WHAT YOU ARE ASKED TO DO: Reproduce only the lines below from the line containing "Bargain hunter and" to the line containing "Ingco Heavy Duty", exactly as written, with both end lines kept. Omit the pictures.

DATA SECTION:

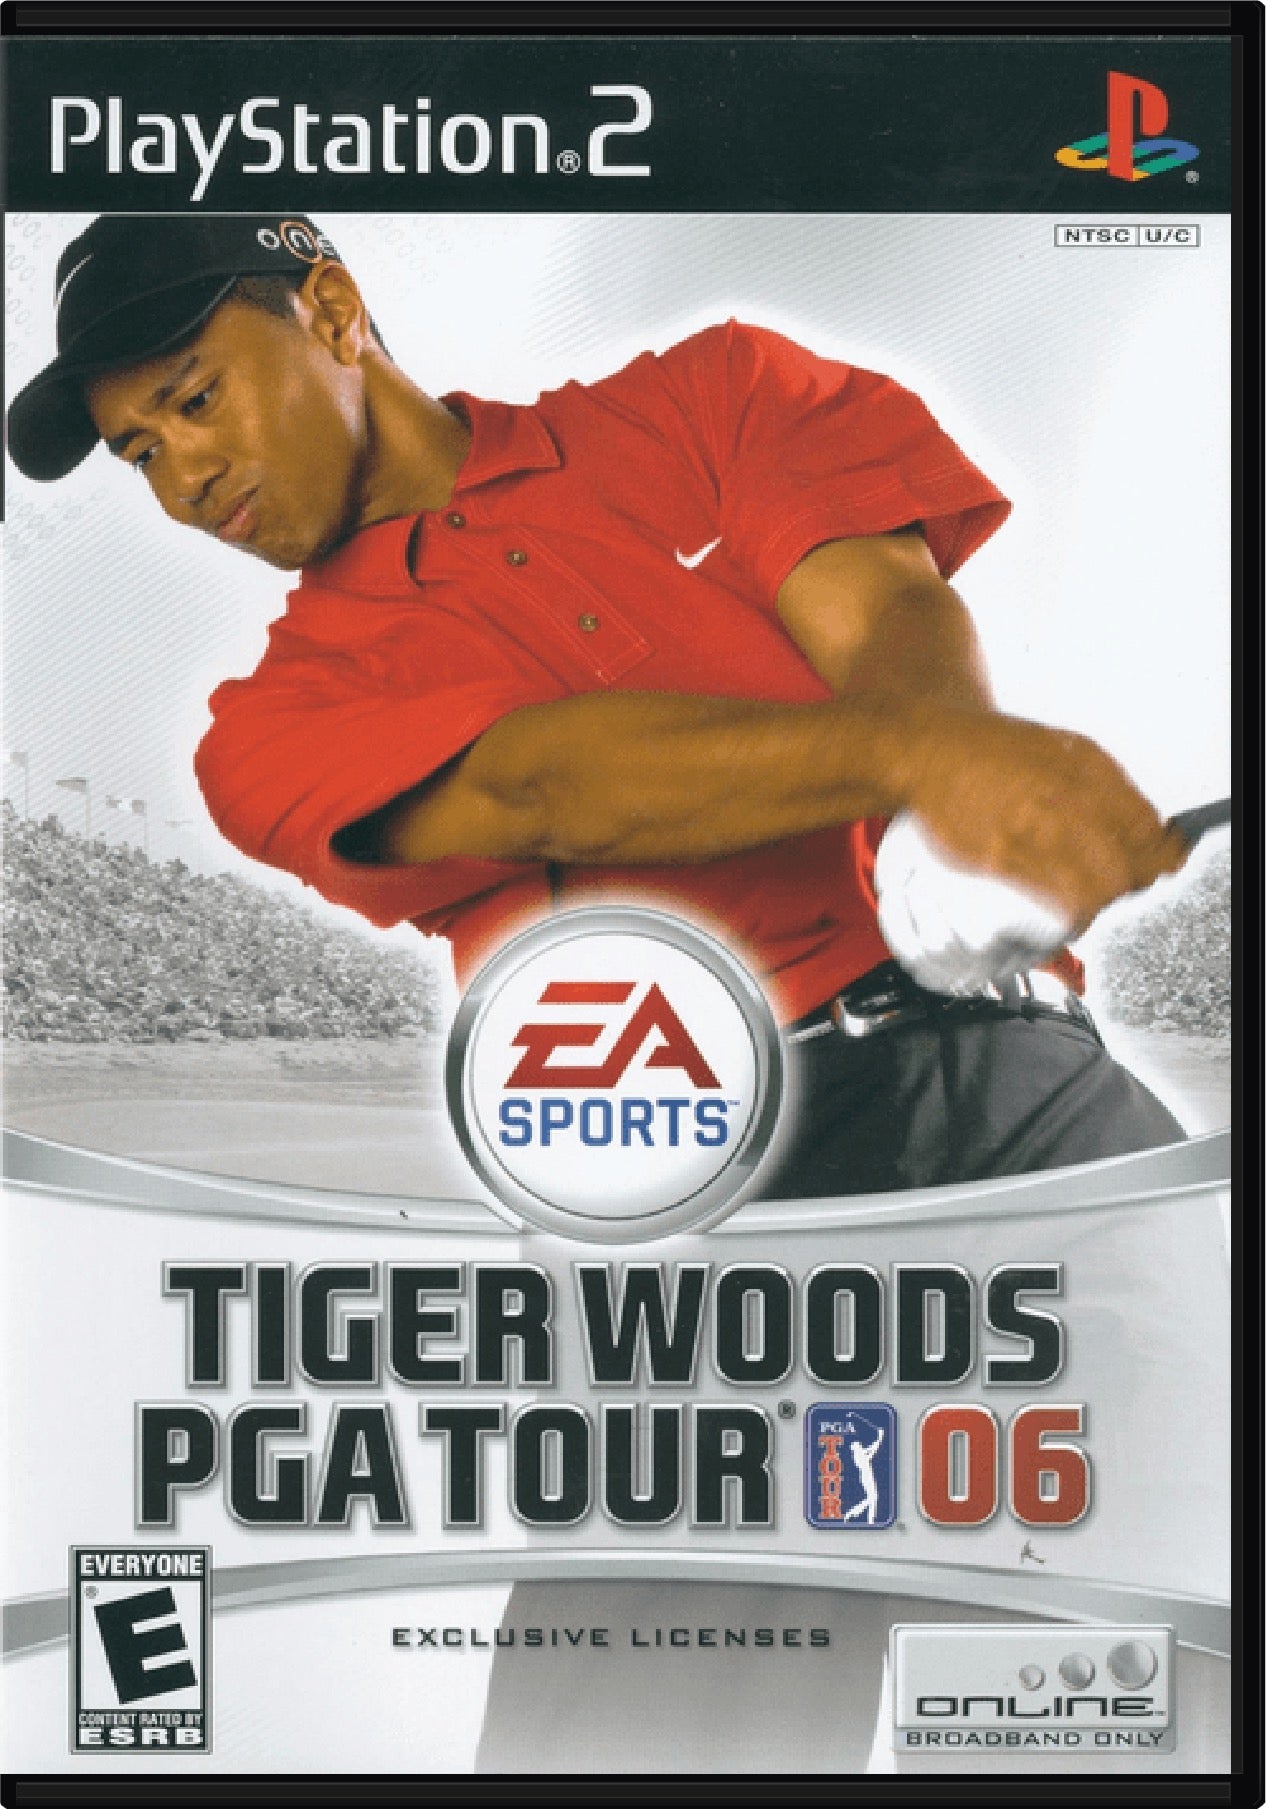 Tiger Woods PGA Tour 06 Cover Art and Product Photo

* * *

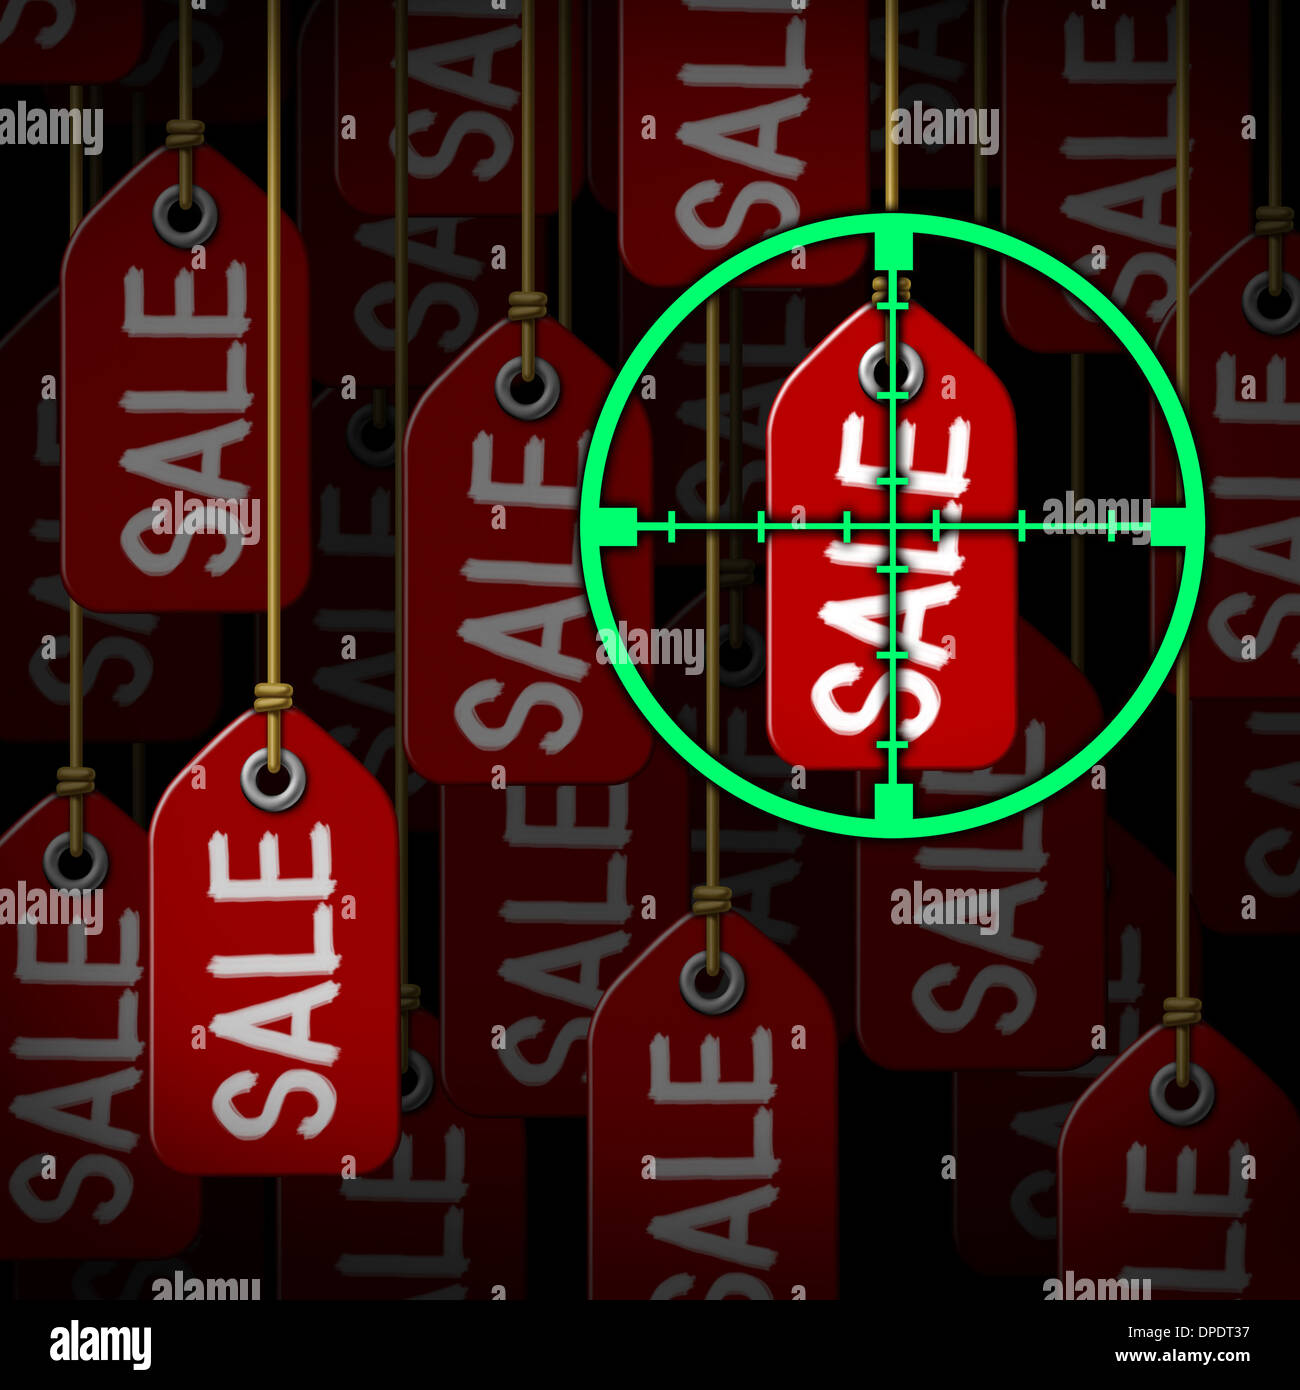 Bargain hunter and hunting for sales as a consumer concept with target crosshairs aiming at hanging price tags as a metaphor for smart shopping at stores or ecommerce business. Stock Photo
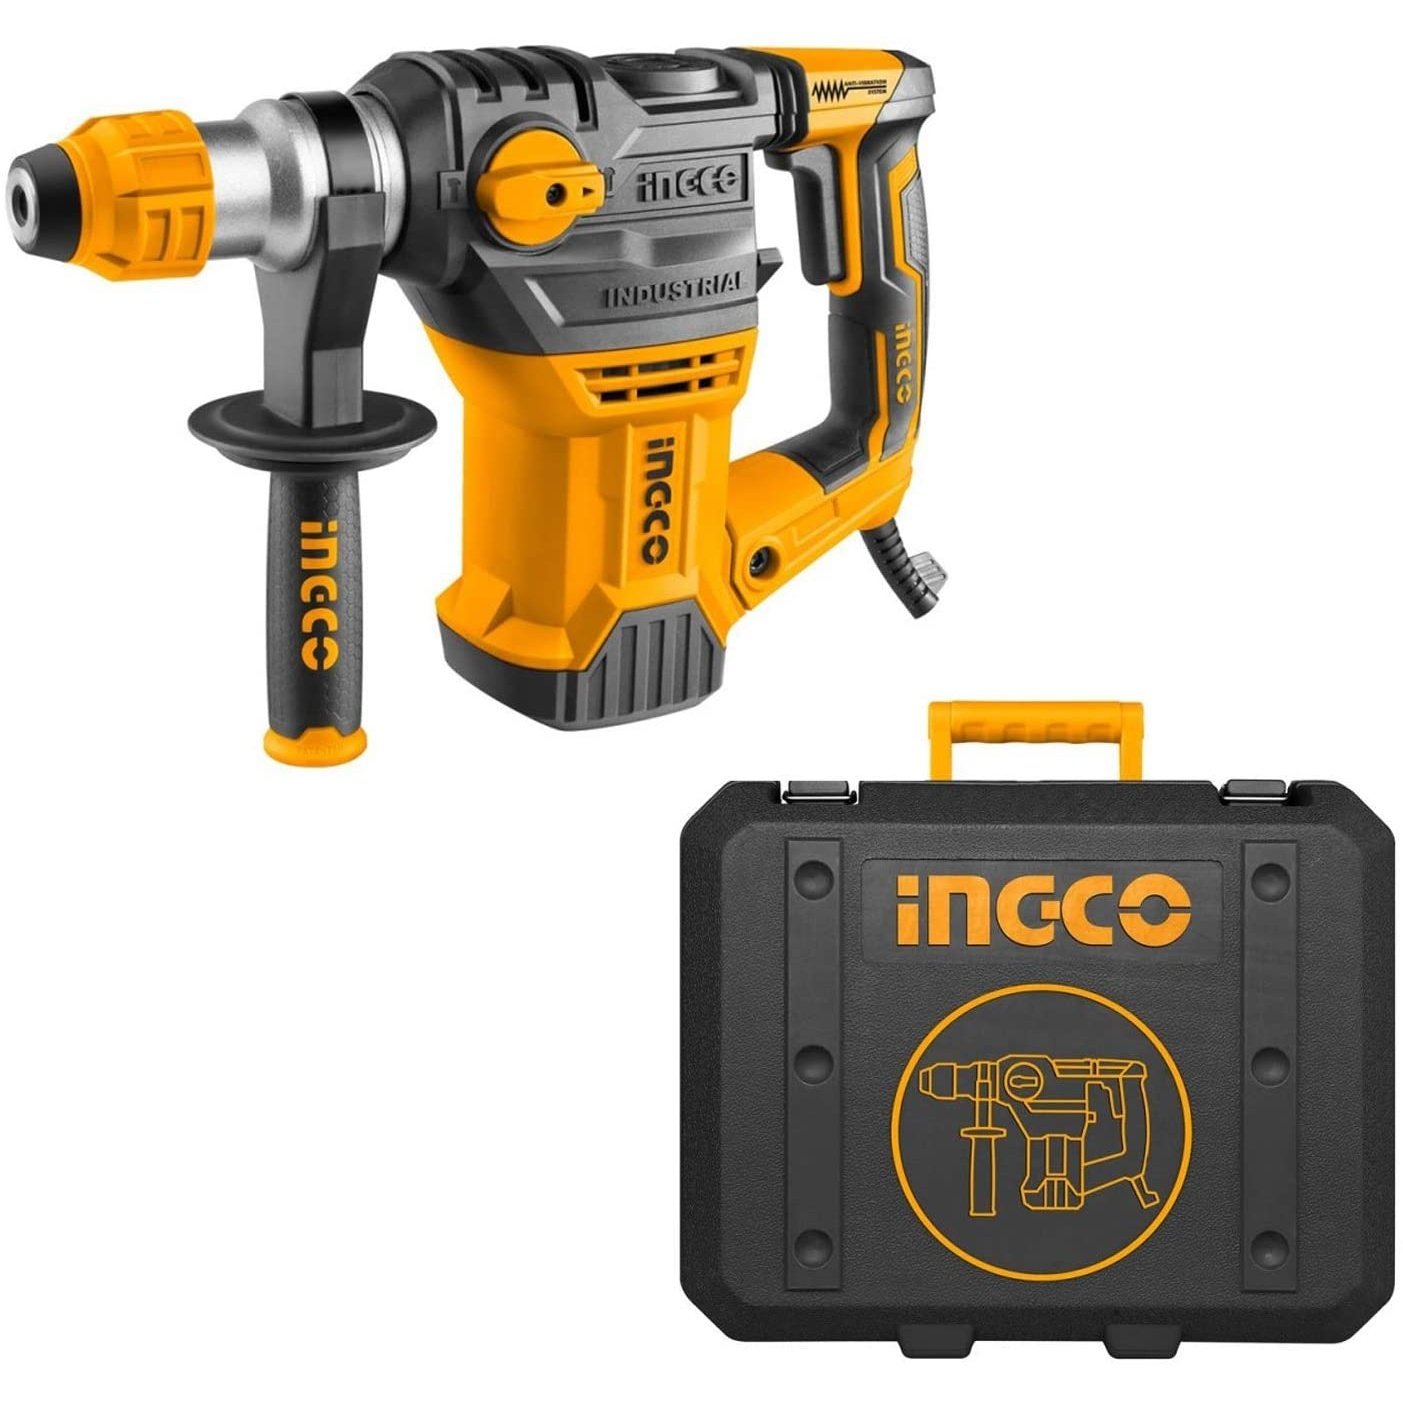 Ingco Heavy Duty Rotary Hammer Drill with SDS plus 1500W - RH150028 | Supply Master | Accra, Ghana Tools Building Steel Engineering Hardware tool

* * *

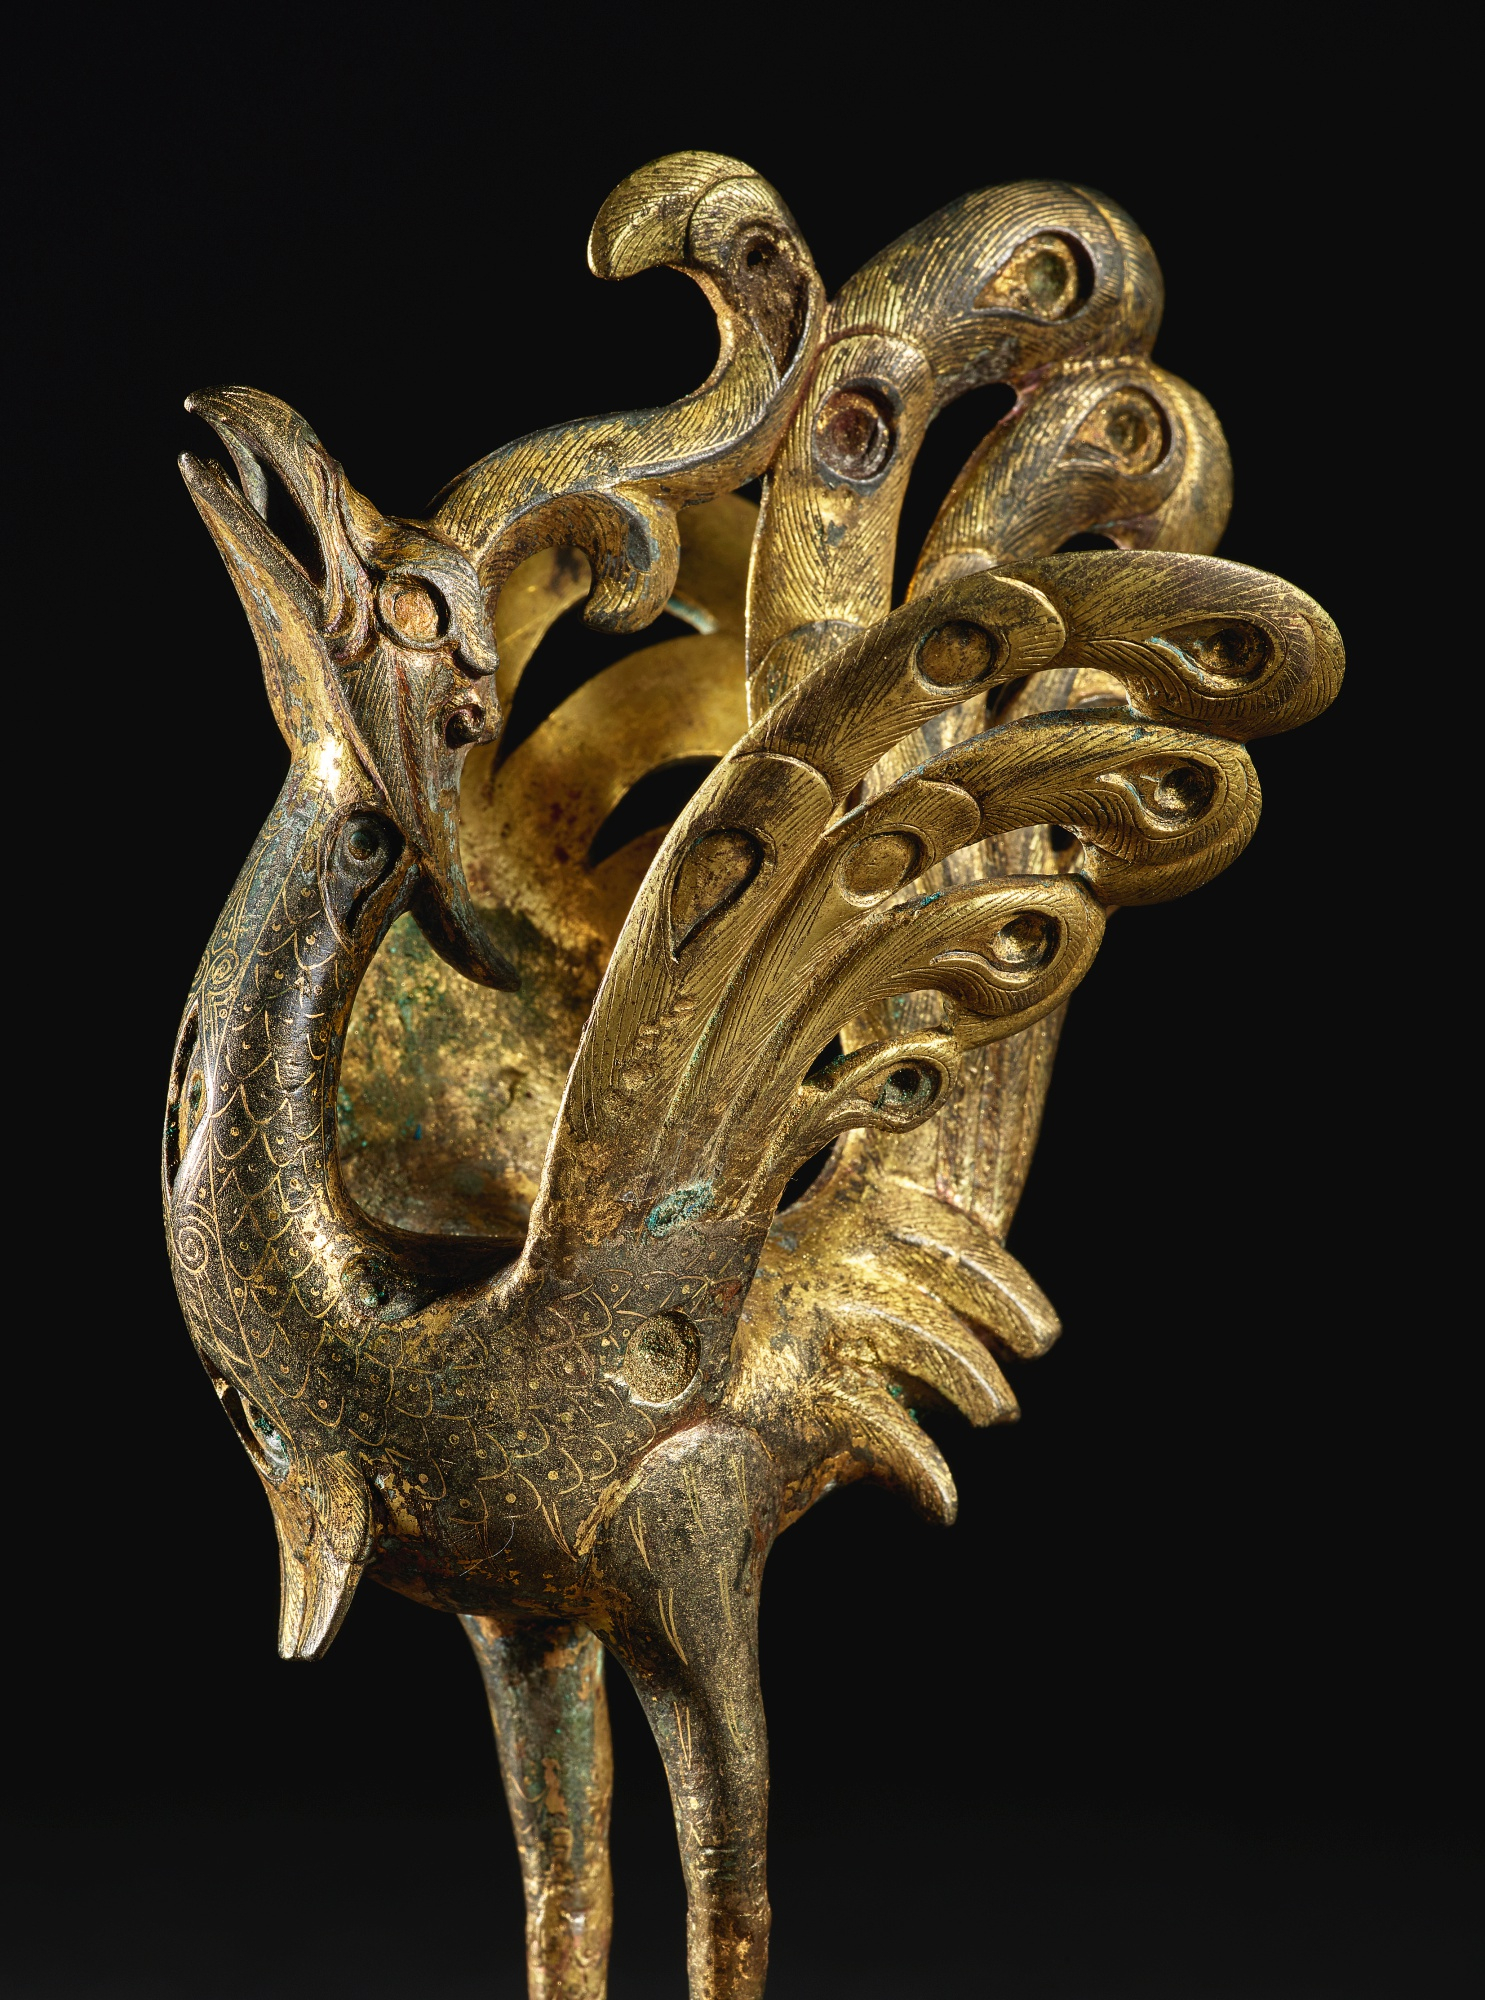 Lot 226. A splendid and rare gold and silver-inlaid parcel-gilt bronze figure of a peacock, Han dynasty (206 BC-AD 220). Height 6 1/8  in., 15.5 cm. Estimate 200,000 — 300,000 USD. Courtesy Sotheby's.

YOUR SOLUTION:
 Bargain hunter and hunting for sales as a consumer concept with target crosshairs aiming at hanging price tags as a metaphor for smart shopping at stores or ecommerce business. Stock Photo
 Ingco Heavy Duty Rotary Hammer Drill with SDS plus 1500W - RH150028 | Supply Master | Accra, Ghana Tools Building Steel Engineering Hardware tool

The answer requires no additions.